Exercise
The listing that follows should be copied in full and exactly, with no pictures.

Data below
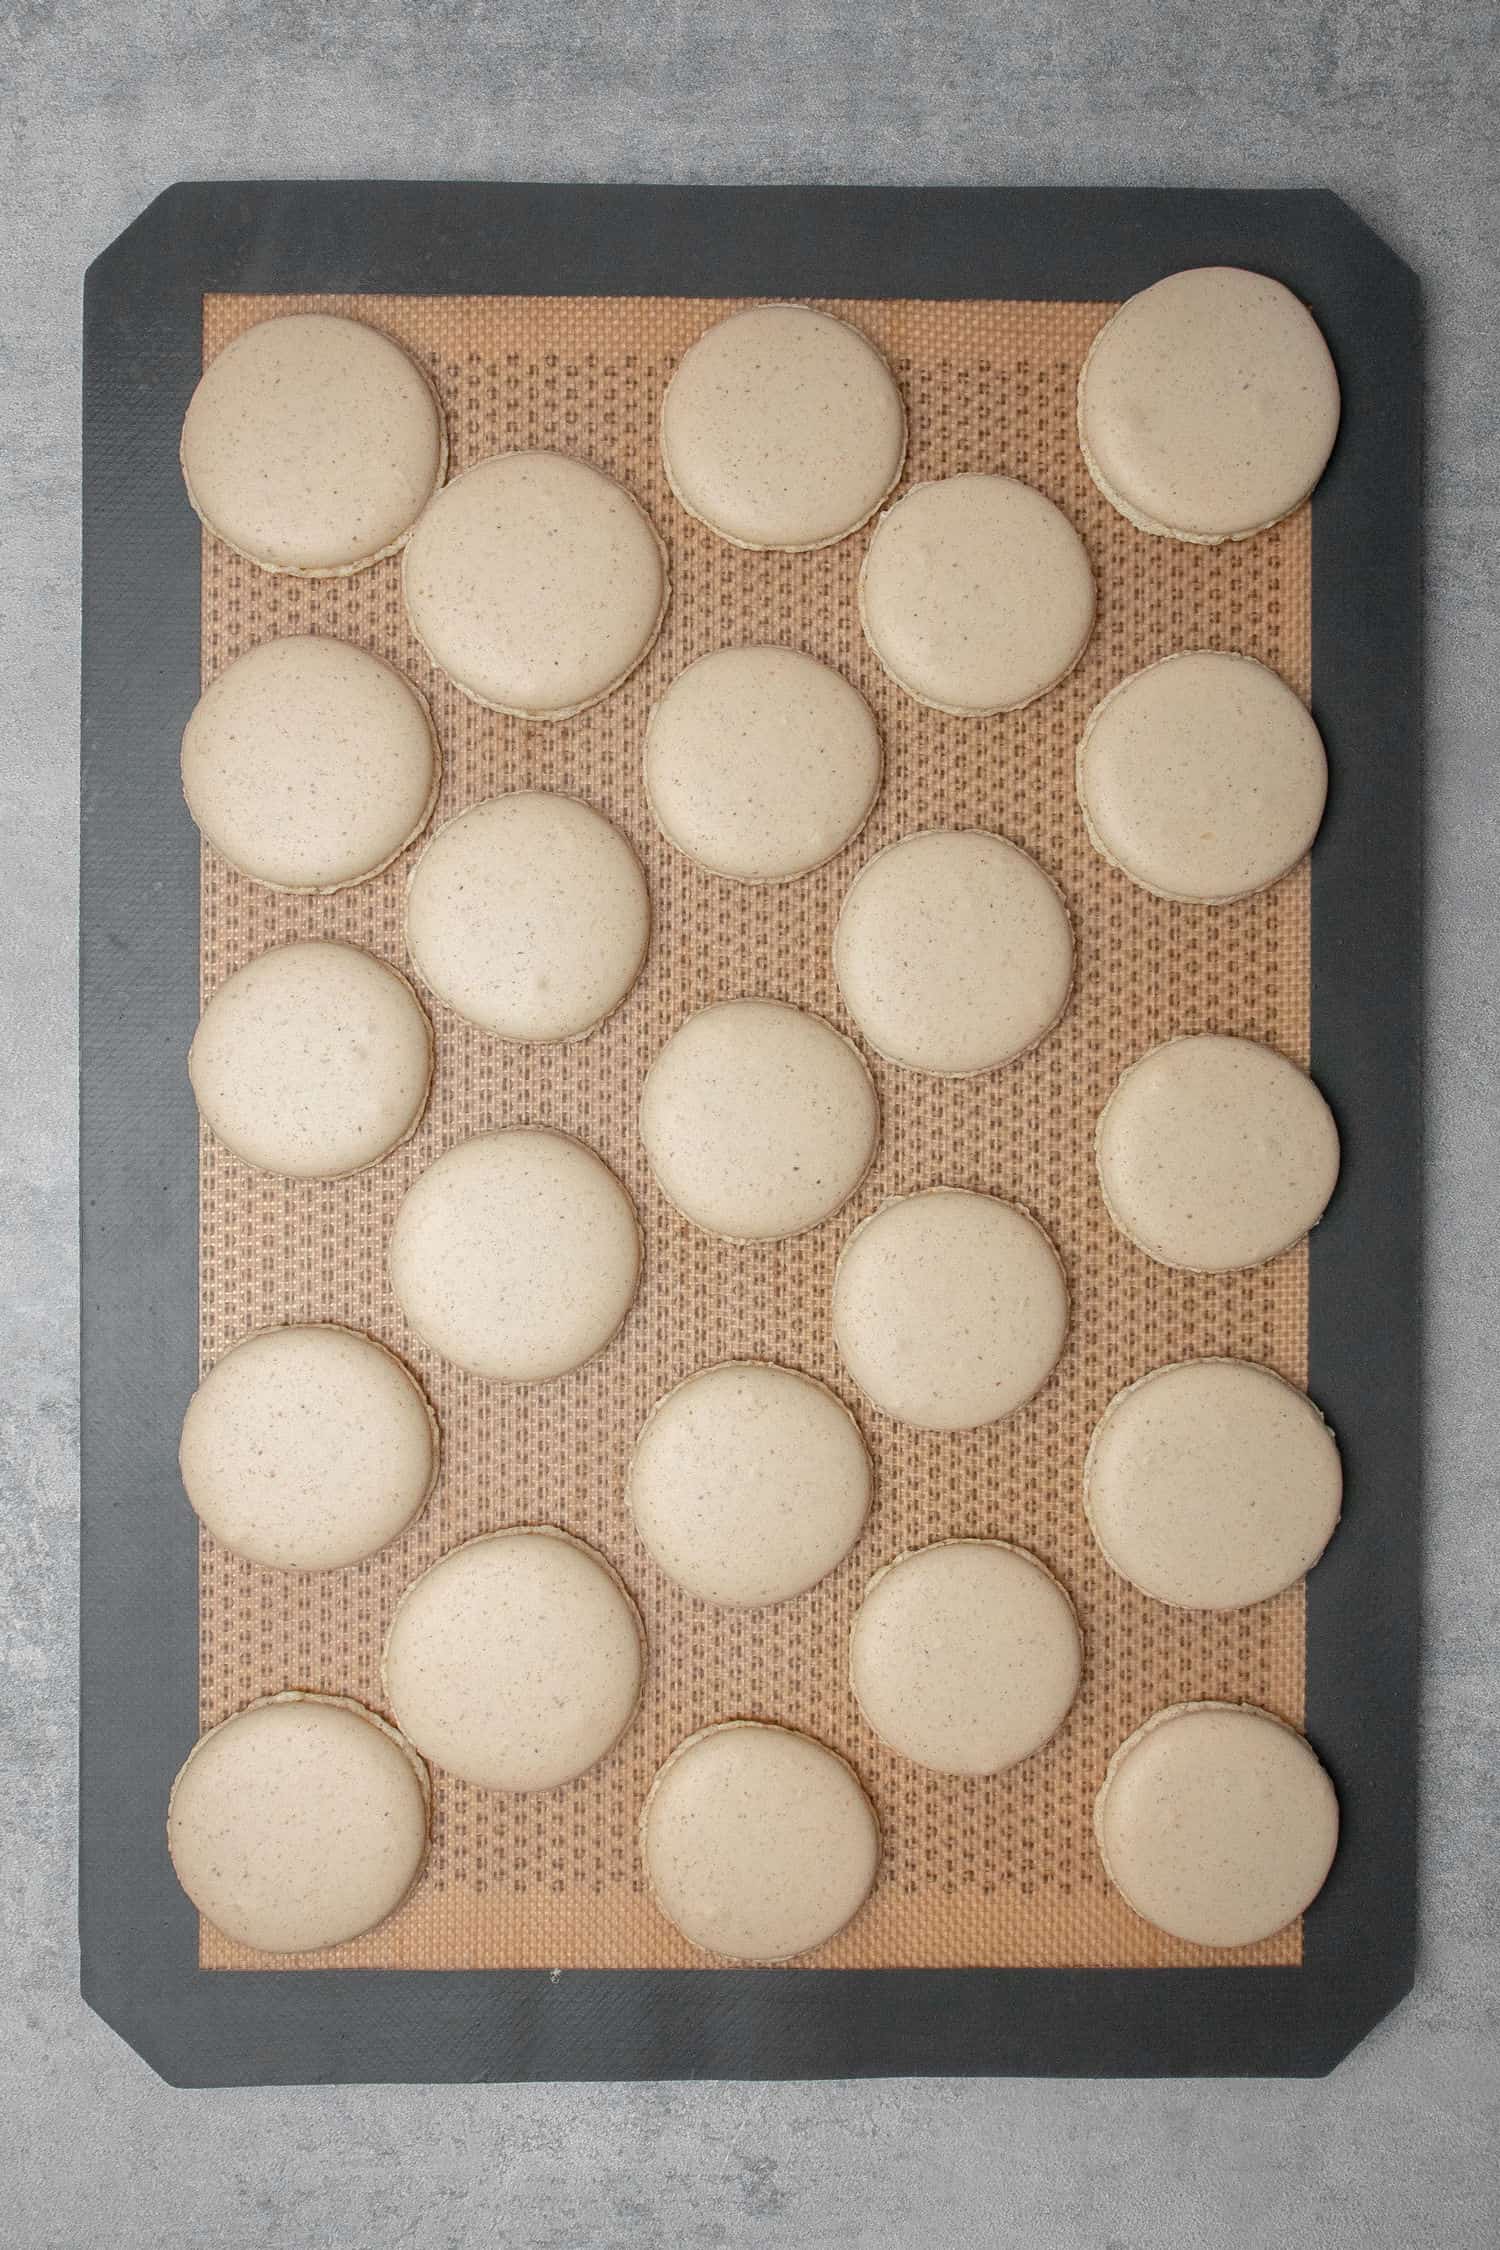 Chocolate hazelnut macaron shells on a baking mat.
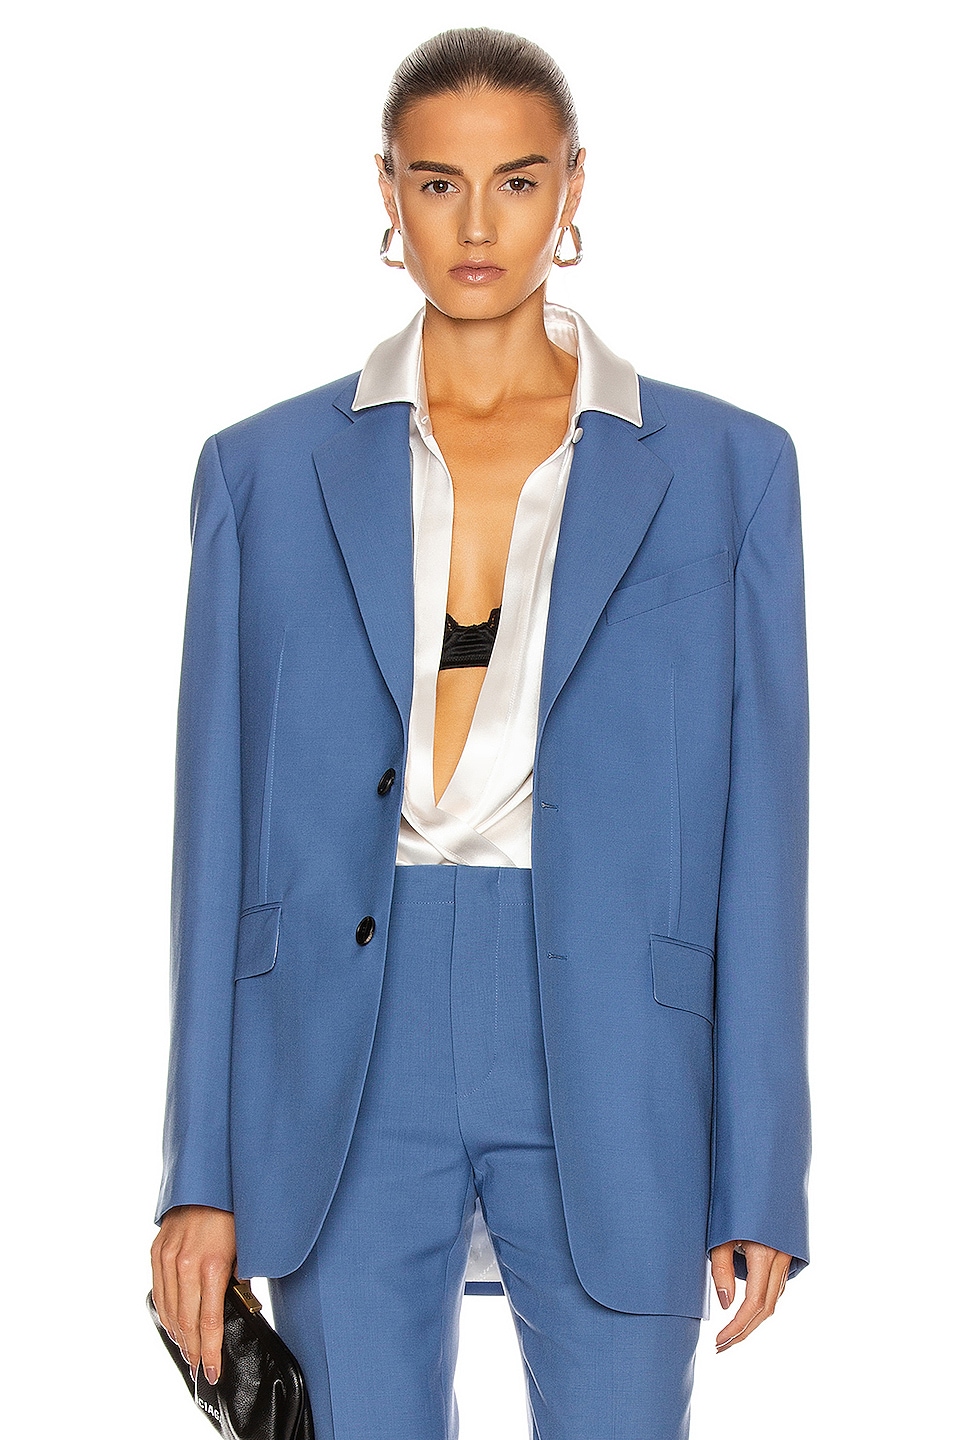 Givenchy Notch Lapel Jacket in Steel Blue | FWRD
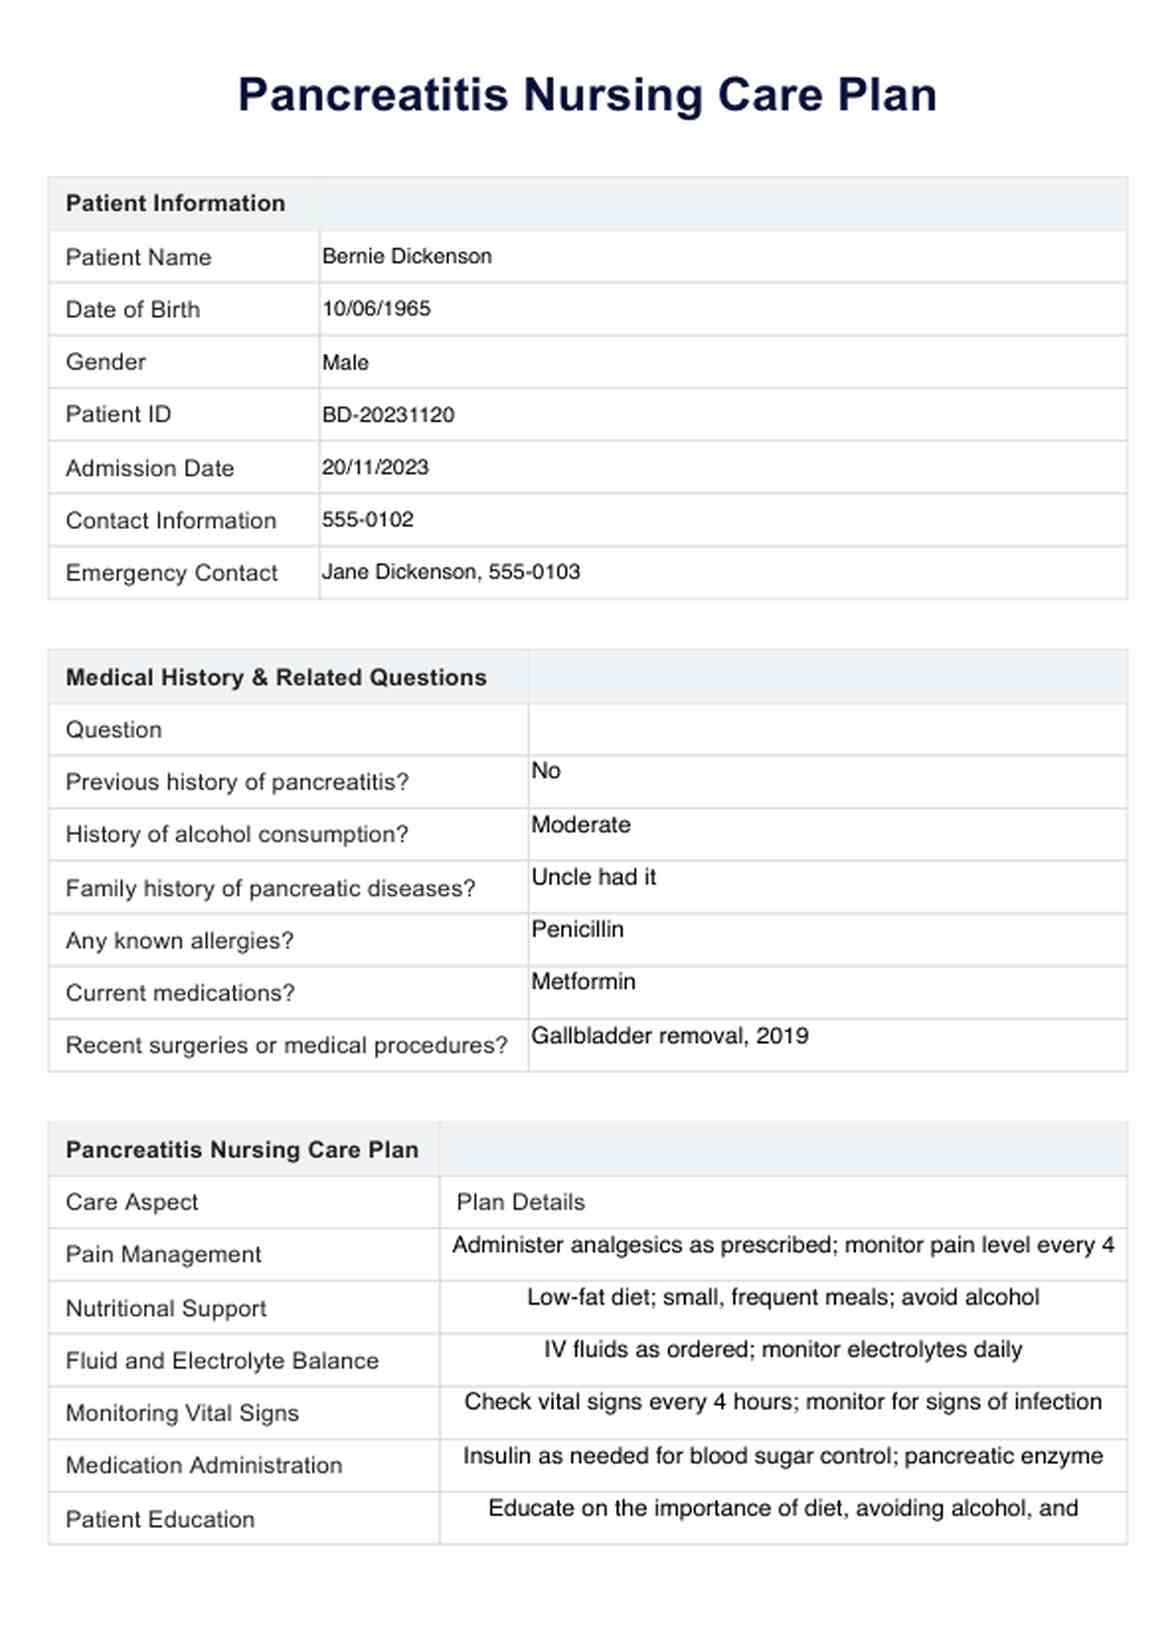 Pancreatitis Nursing Care Plan PDF Example

Answer
 Chocolate hazelnut macaron shells on a baking mat.
 Givenchy Notch Lapel Jacket in Steel Blue | FWRD
 Pancreatitis Nursing Care Plan PDF Example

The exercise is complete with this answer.